Estima el quejoso que su desvinculación se produjo a partir del 28 de julio de 2016, cuando fue ocupado el cargo que desempeñaba, fecha para la cual le restaban 3 años de cotizaciones para cumplir el requisito pensional, cuya circunstancia habilitaba al Tribunal para mantenerlo vinculado por su calidad de pre-pensionado, conforme a la previsiones jurisprudenciales de la Corte Constitucional, por lo que su retiro resulta ser una arbitrariedad que perjudica su garantía fundamental al mínimo vital y al principio de la condición más beneficiosa.

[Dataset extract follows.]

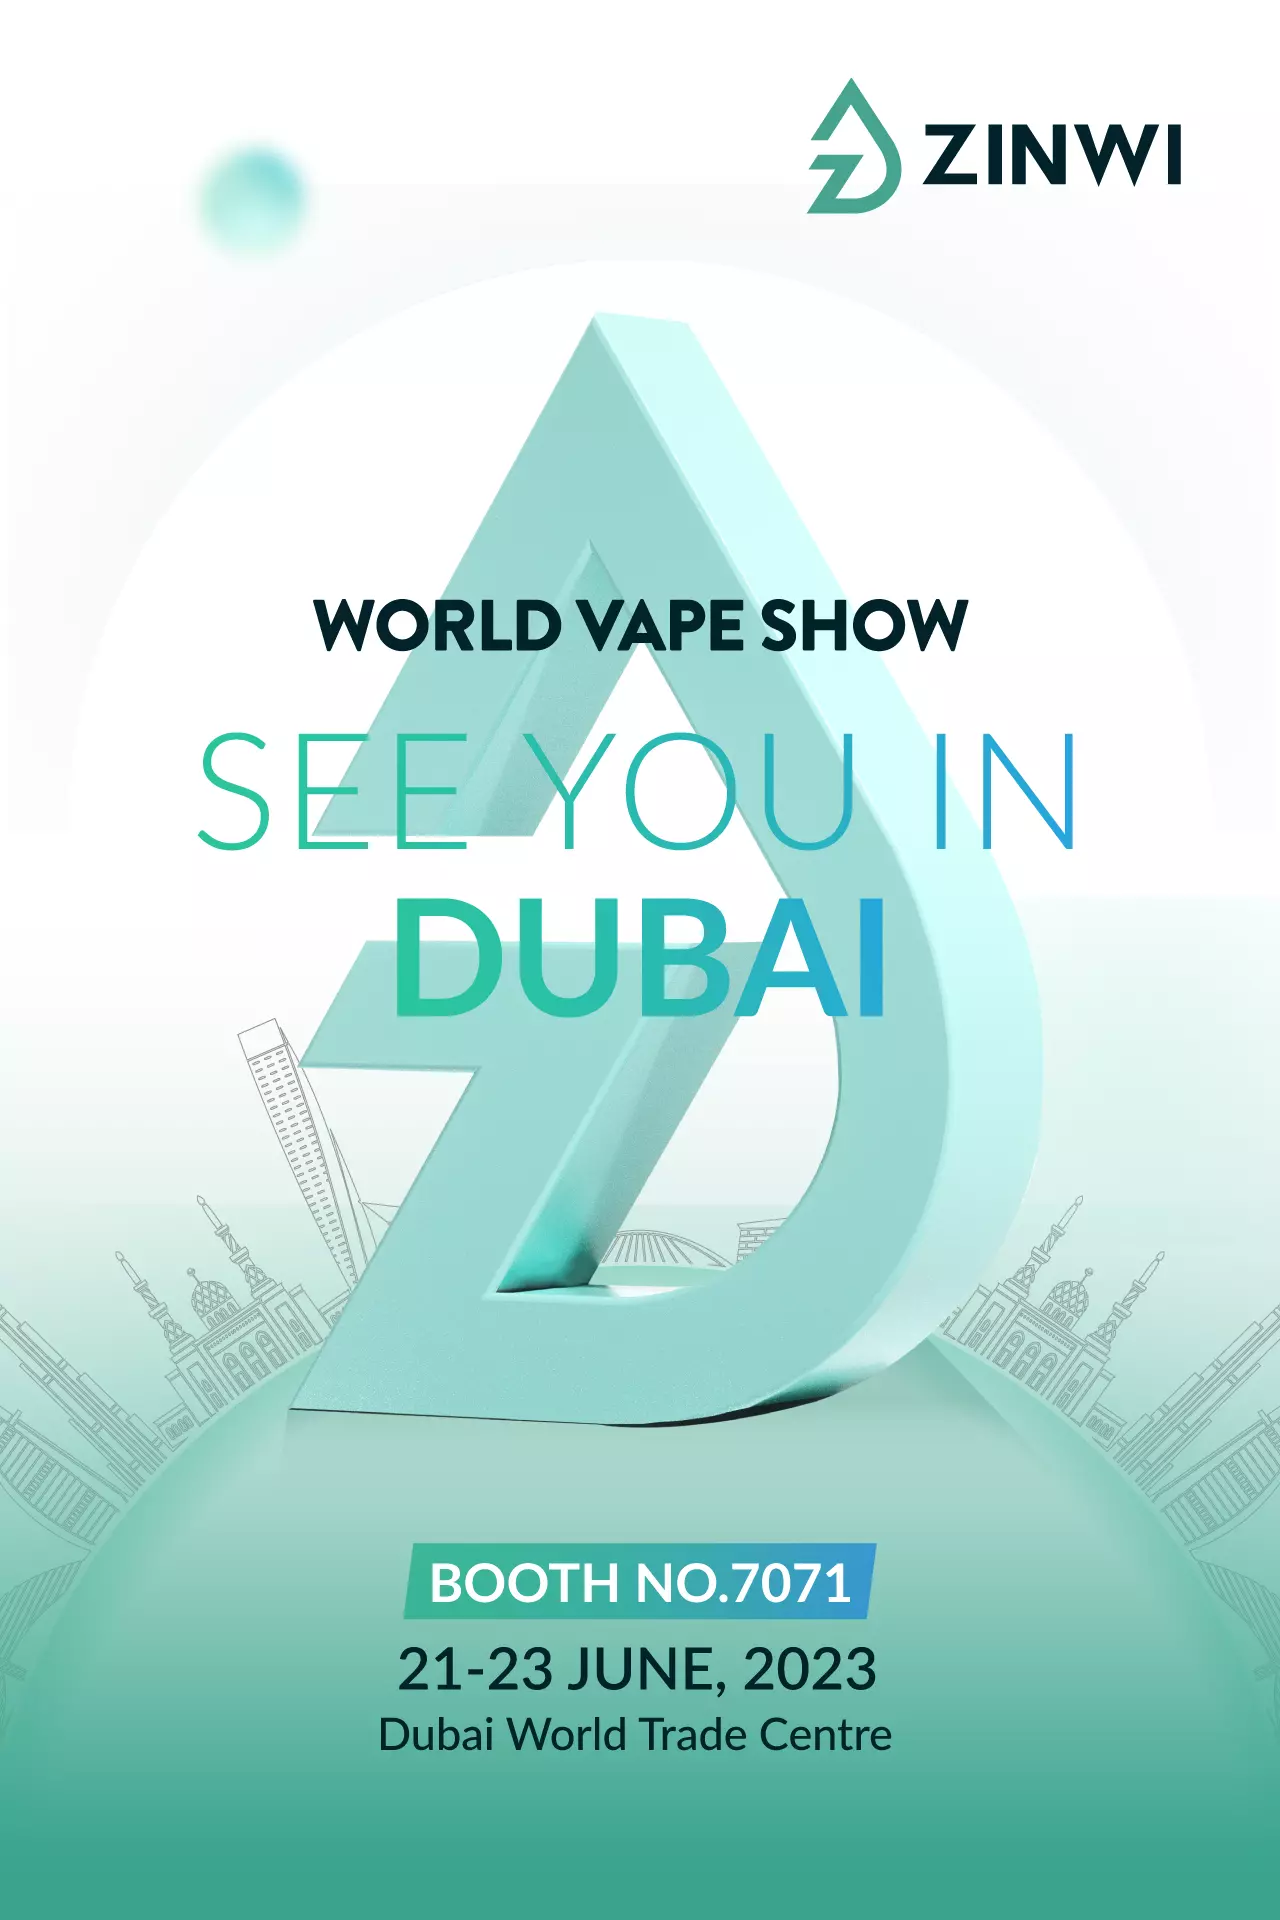 World Vape Show Dubai | Zinwi brings Middle Eastern Shisha Series!

En vista de lo anterior, se hace necesario establecer a partir de qué momento se debe contar el término de tres años para que el funcionario pueda favorecerse de la estabilidad laboral reforzada por ostentar la condición de prepensionado. Frente a este punto, en la sentencia CC SU-897/12 el máximo órgano constitucional, al desatar la discusión hermenéutica respecto del momento en que se comienza a contabilizar el término de tres años exigido por el artículo 12 de la Ley 790 de 2002, de cara a la protección en seguridad social de los servidores próximos a pensionarse –prepensionados-, indicó que en virtud de la cláusula de interpretación más favorable se tiene que: (…) es en el momento de la efectiva supresión del cargo y de la consecuente cesación del servidor público que tendría eficacia la protección reforzada prevista por la ley 790 de 2002, de manera que resulta más consecuente con una interpretación garantista que la existencia de los elementos indispensables para configurarla se evalúen en el momento en que ésta realmente muestra su eficacia, es decir cuando se despliega toda su utilidad, y no en contexto totalmente ajeno a aquel en el que podría tener efectos.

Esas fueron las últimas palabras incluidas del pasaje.